Records contained in a dataset:
[Start of Attachment]

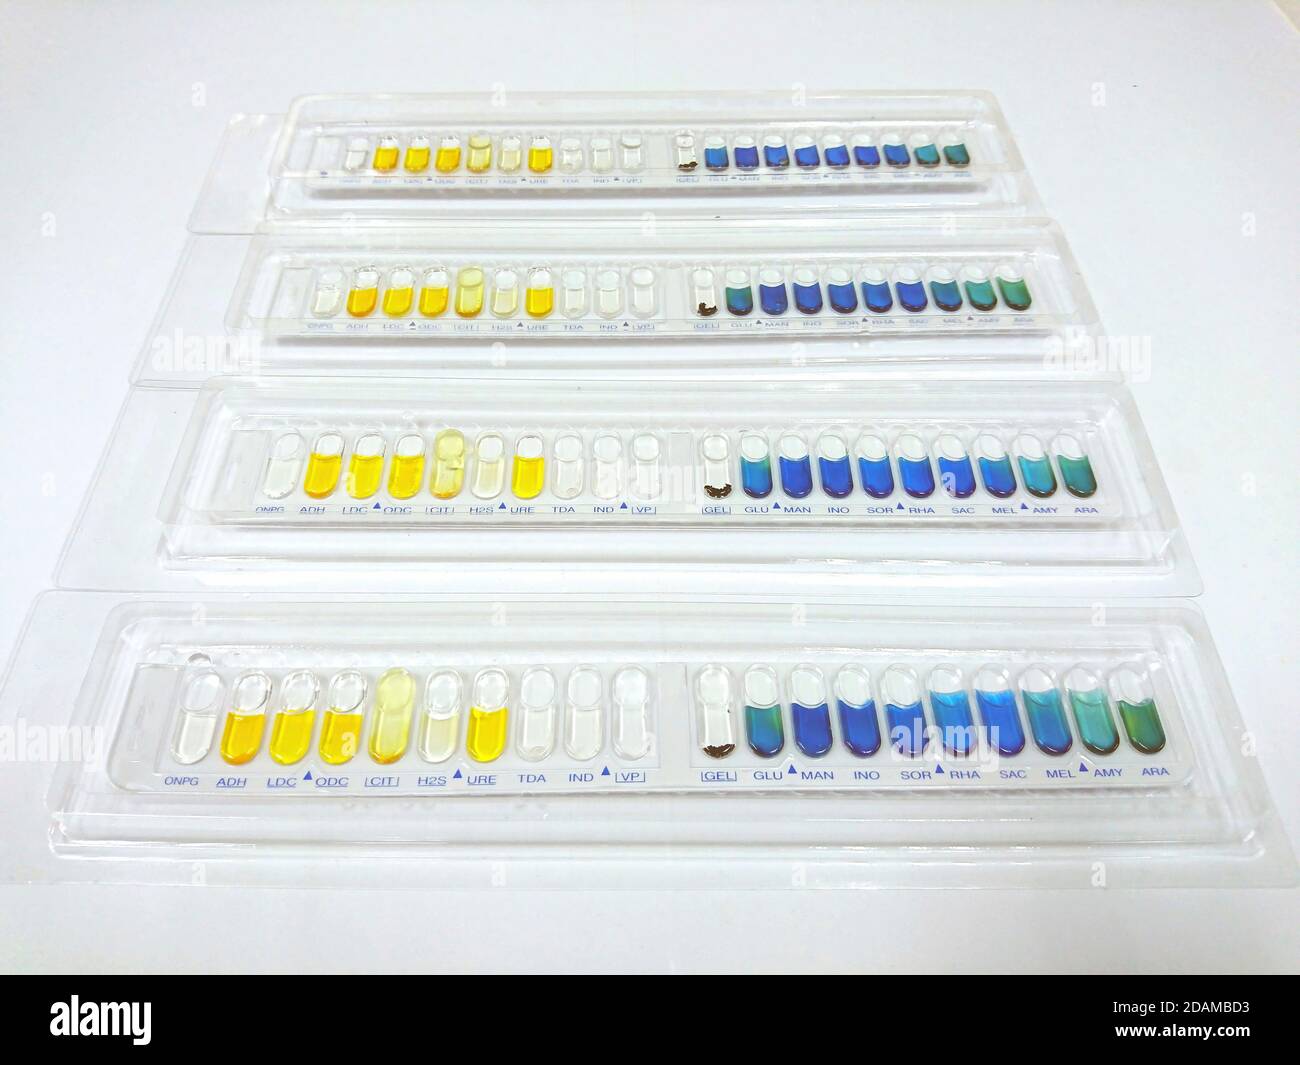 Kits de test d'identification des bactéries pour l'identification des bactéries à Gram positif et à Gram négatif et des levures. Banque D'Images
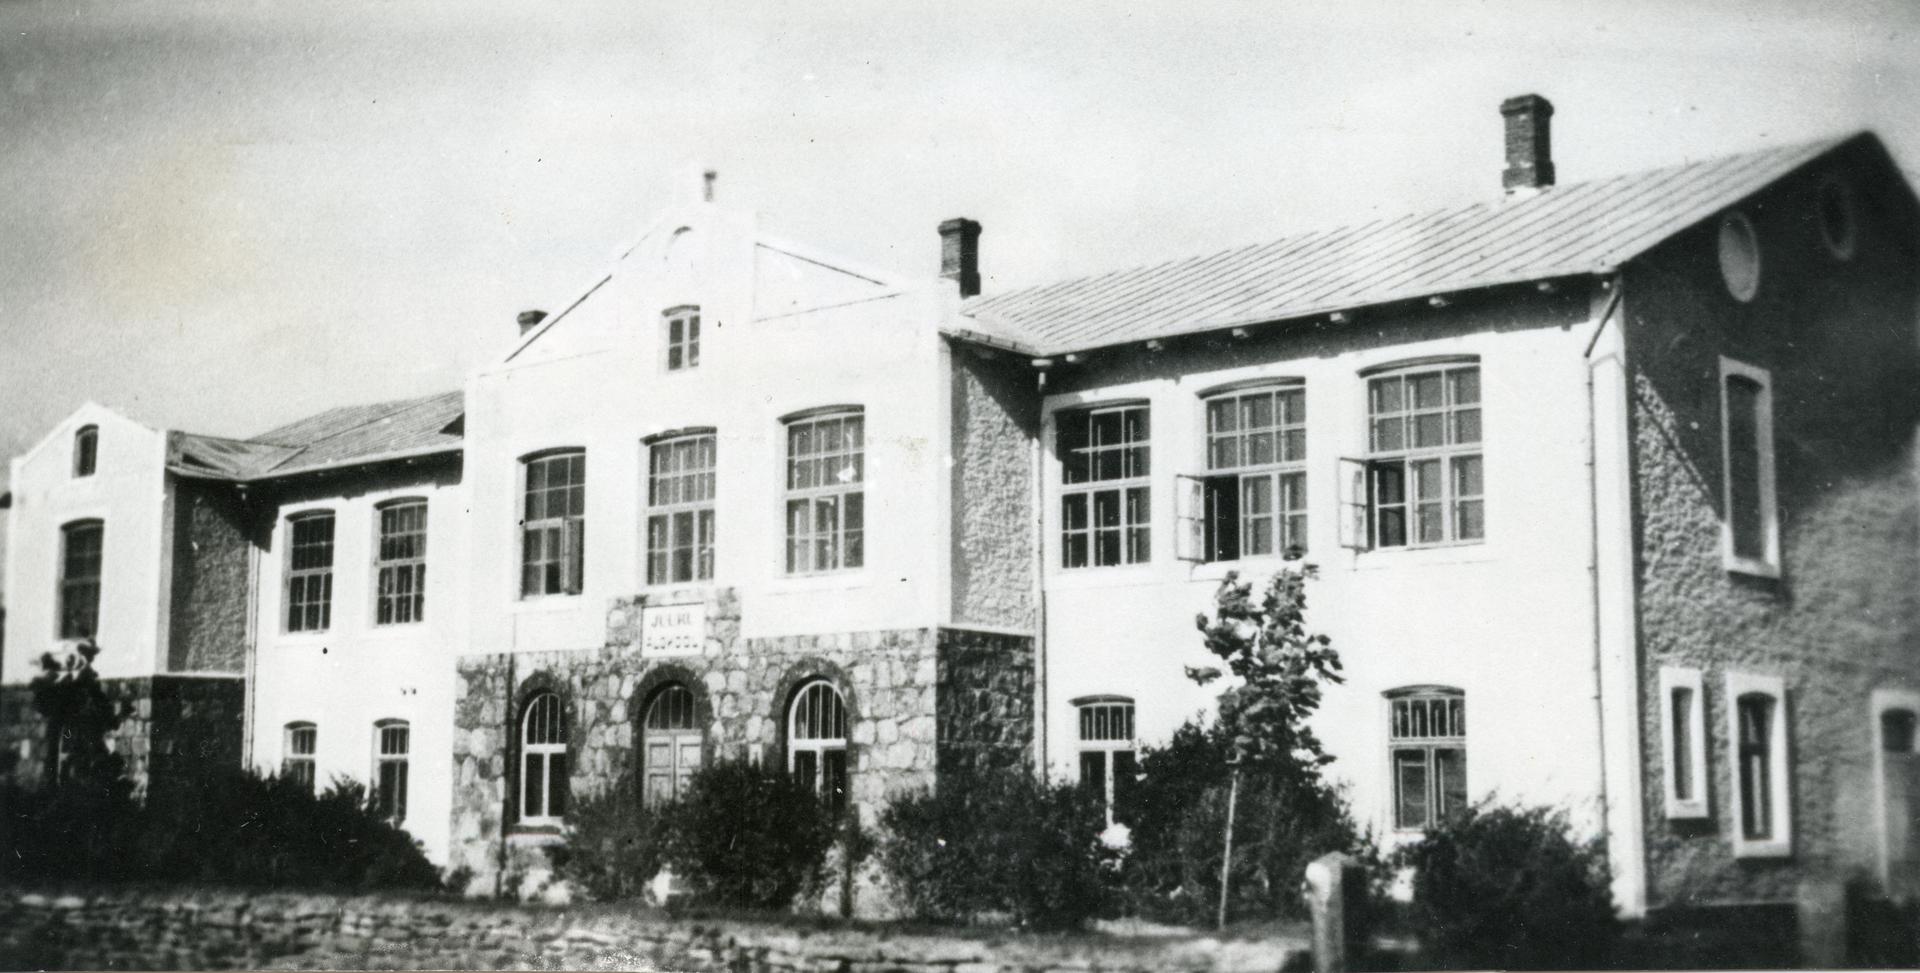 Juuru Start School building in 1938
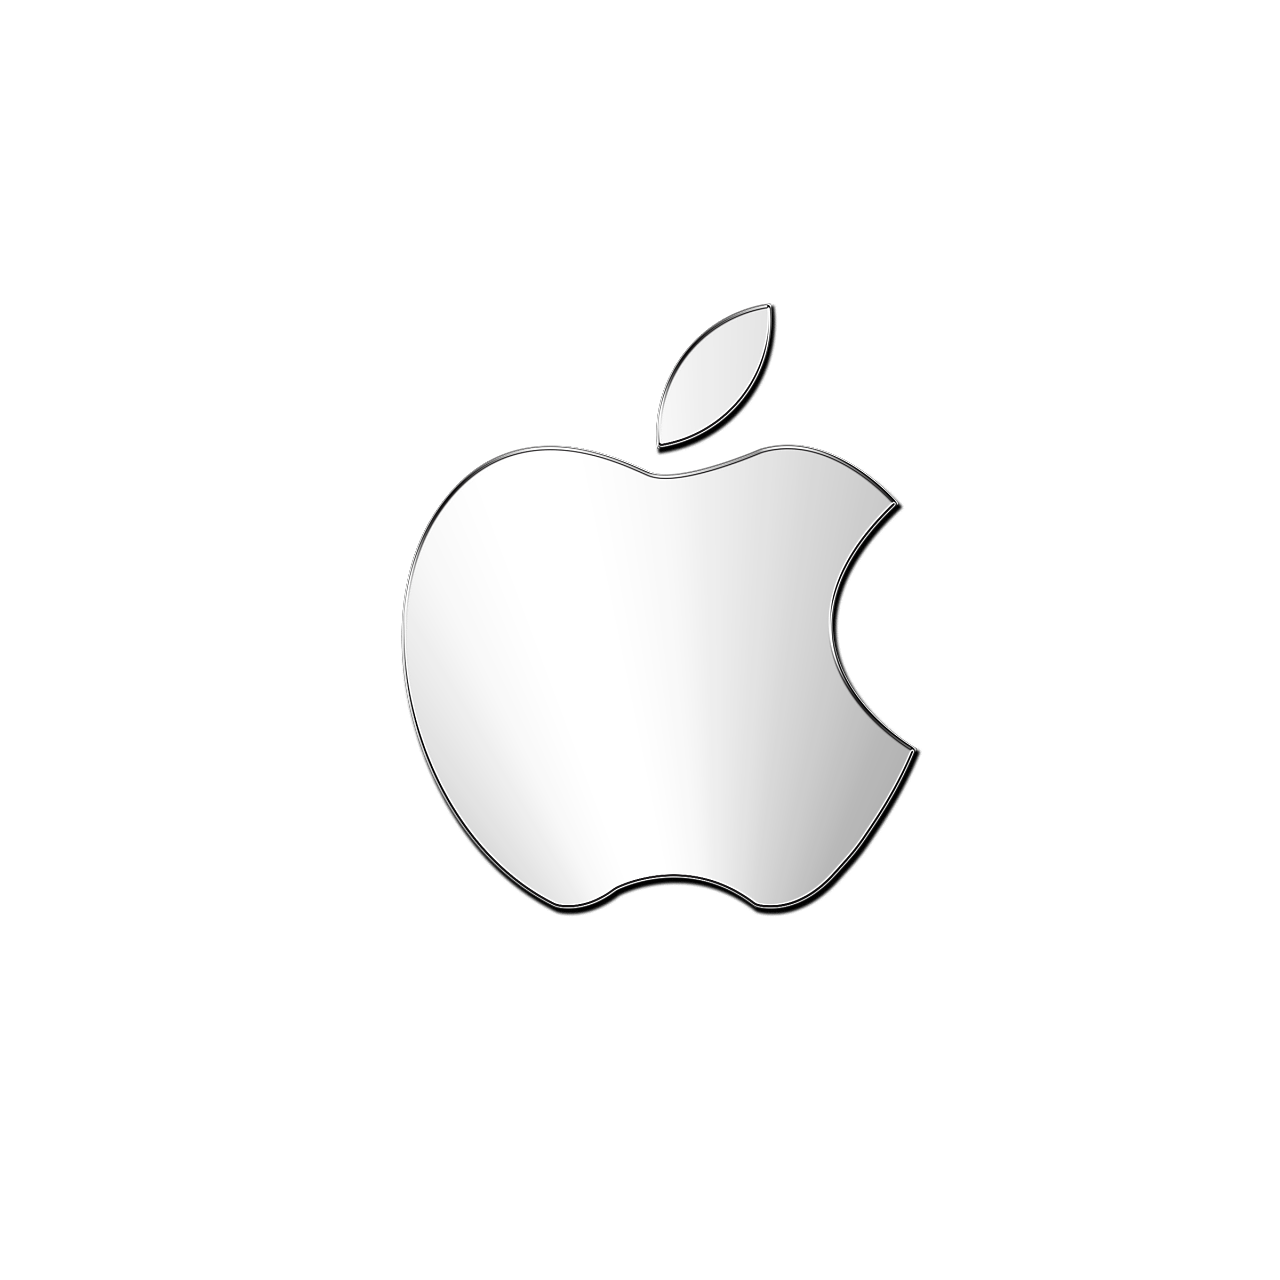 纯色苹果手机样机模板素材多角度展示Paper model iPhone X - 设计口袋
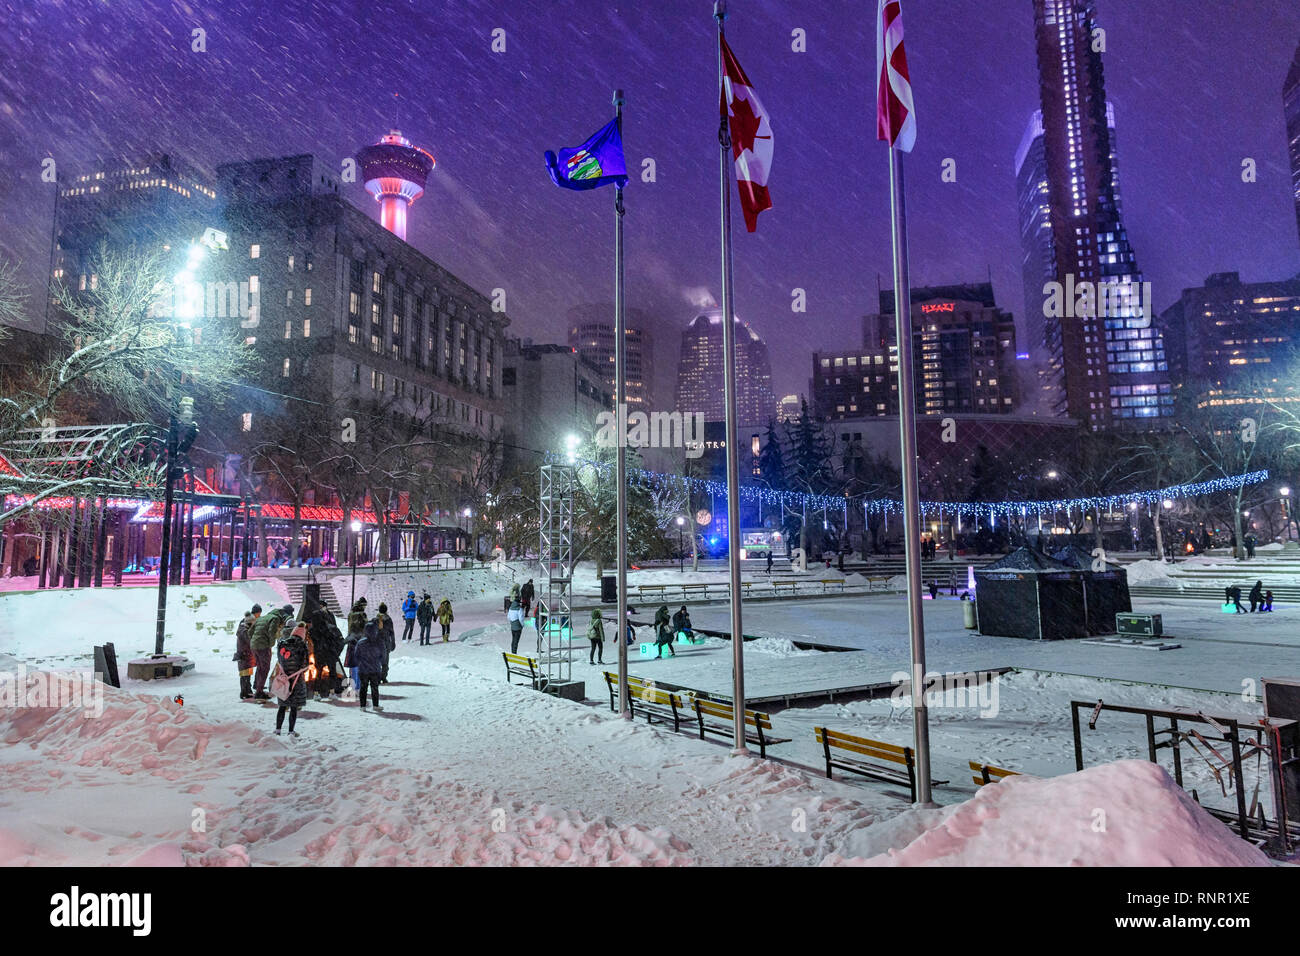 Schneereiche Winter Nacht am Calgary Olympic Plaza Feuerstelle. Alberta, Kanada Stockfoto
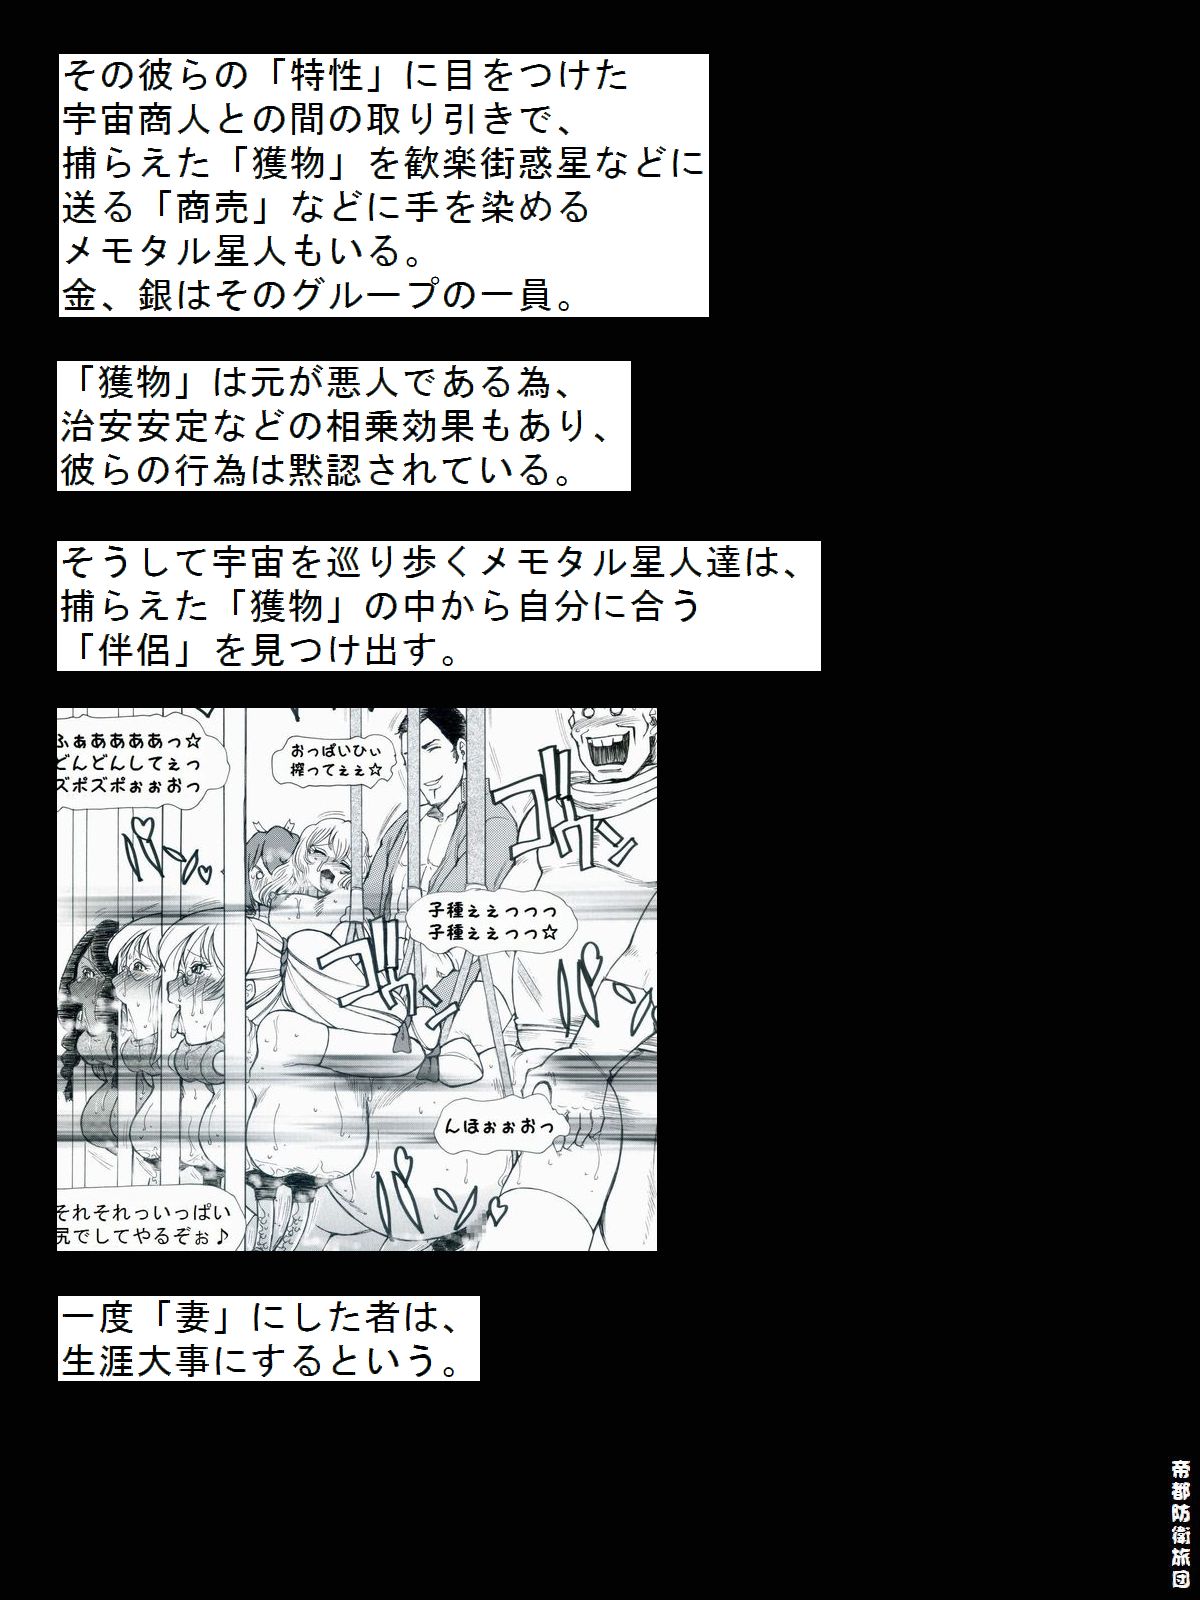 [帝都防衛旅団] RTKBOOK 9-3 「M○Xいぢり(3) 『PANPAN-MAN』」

[End of Attachment]

* _PROBLEM DETAILS_: The response should contain every record above exactly as written, and none of the pictures.

* _ANSWER FOR THE TASK_:
 Kits de test d'identification des bactéries pour l'identification des bactéries à Gram positif et à Gram négatif et des levures. Banque D'Images
 Juuru Start School building in 1938
 纯色苹果手机样机模板素材多角度展示Paper model iPhone X - 设计口袋
 Schneereiche Winter Nacht am Calgary Olympic Plaza Feuerstelle. Alberta, Kanada Stockfoto
 [帝都防衛旅団] RTKBOOK 9-3 「M○Xいぢり(3) 『PANPAN-MAN』」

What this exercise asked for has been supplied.